Source data
-------------------------
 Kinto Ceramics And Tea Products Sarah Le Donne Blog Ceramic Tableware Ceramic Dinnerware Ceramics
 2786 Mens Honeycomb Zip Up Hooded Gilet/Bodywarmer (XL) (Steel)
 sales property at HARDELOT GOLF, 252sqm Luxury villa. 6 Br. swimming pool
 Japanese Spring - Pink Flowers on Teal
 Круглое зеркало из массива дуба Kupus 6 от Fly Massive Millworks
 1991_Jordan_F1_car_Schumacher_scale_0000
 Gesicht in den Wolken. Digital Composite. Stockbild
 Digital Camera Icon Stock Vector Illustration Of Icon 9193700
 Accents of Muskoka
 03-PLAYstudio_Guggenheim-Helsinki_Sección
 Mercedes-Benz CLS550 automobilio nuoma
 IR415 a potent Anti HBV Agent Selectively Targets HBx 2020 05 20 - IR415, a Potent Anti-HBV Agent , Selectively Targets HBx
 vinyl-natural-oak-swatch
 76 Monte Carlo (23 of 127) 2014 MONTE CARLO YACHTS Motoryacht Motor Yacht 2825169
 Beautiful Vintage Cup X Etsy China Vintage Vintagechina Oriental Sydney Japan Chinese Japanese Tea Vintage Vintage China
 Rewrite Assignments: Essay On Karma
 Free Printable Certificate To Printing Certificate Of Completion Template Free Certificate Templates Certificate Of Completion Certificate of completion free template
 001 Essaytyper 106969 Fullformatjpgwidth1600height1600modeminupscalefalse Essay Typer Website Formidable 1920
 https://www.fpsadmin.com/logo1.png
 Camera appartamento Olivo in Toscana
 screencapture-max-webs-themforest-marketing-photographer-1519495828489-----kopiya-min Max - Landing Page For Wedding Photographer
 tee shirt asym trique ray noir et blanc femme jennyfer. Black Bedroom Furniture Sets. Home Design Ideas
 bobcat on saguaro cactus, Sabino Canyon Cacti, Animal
-------------------------
# WHAT IS BEING ASKED
Would you please copy exactly the part of the entries above that begins at the line containing "Rewrite Assignments: Essay On Karma" and ends at the line containing "Free Printable Certificate", both lines included?

# YOUR RESPONSE
 Rewrite Assignments: Essay On Karma
 Free Printable Certificate To Printing Certificate Of Completion Template Free Certificate Templates Certificate Of Completion Certificate of completion free template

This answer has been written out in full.